Hazchem (; from hazardous chemicals) is a warning plate system used in Australia, Hong Kong, Malaysia, New Zealand, India and the United Kingdom for vehicles transporting hazardous substances, and on storage facilities. The top-left section of the plate gives the Emergency Action Code (EAC) telling the fire brigade what actions to take if there's an accident or fire. The middle-left section containing a 4 digit number gives the UN Substance Identification Number describing the material. The lower-left section gives the telephone number that should be called if special advice is needed. The warning symbol in the top right indicates the general hazard class of the material. The bottom-right of the plate carries a company logo or name.

There is also a standard null Hazchem plate to indicate the transport of non-hazardous substances. The null plate does not include an EAC or substance identification.

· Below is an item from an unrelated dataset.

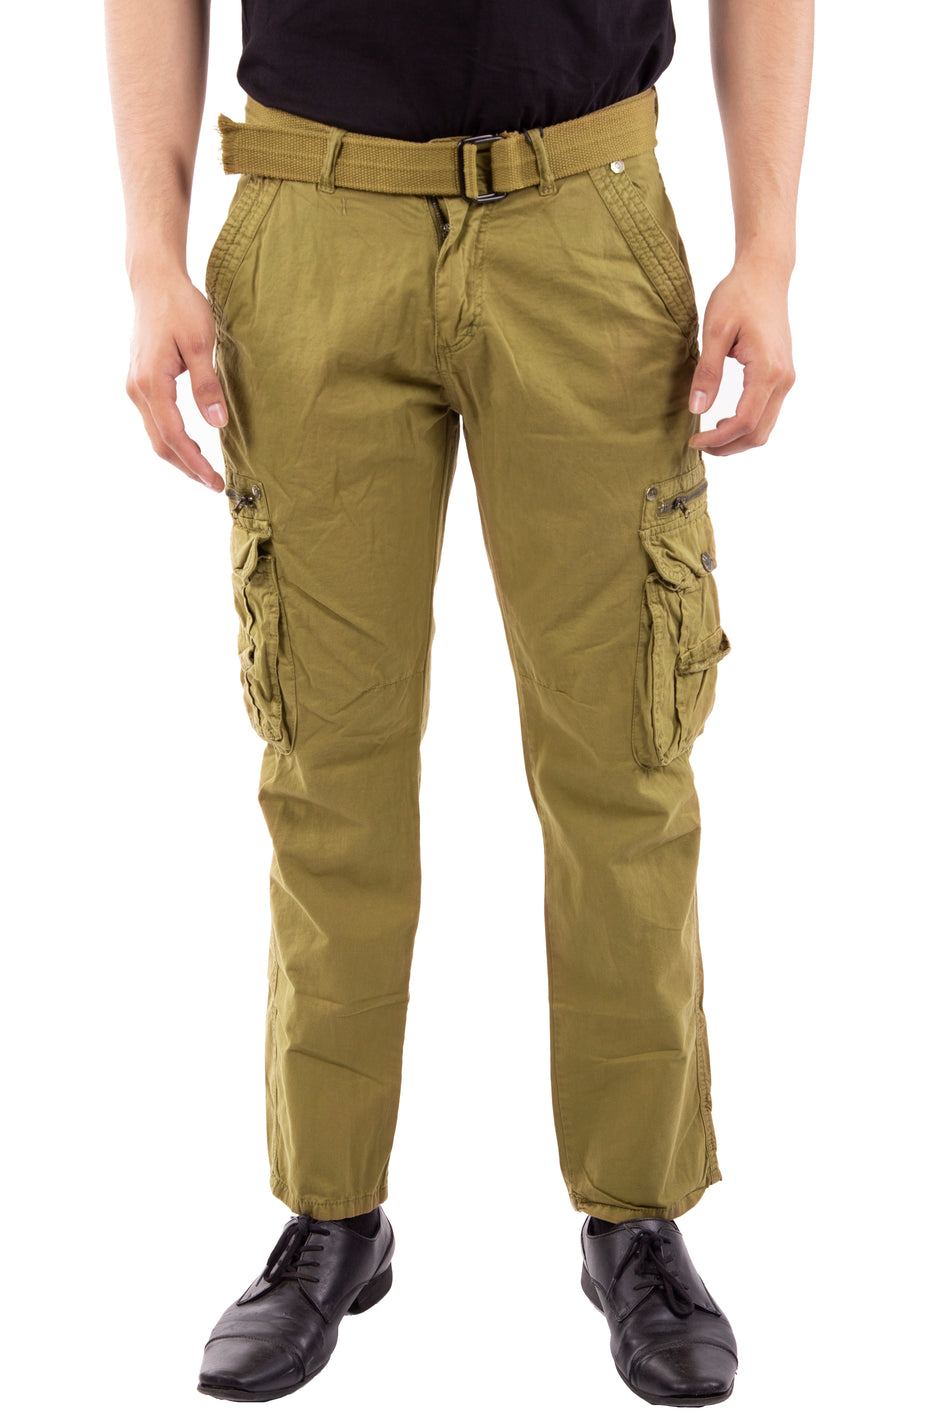 Men's Cargo Pant Olive with Belt

The National Chemical Emergency Centre (NCEC) in the United Kingdom provides a Free Online Hazchem Guide.

Emergency Action Code 
The Emergency Action Code (EAC) is a three character code displayed on all dangerous goods classed carriers, and provides a quick assessment to first responders and emergency responders (i.e. fire fighters and police) of what actions to take should the carrier carrying such goods become involved in an incident (traffic collision, for example). EAC's are characterised by a single number (1 to 4) and either one or two letters (depending on the hazard).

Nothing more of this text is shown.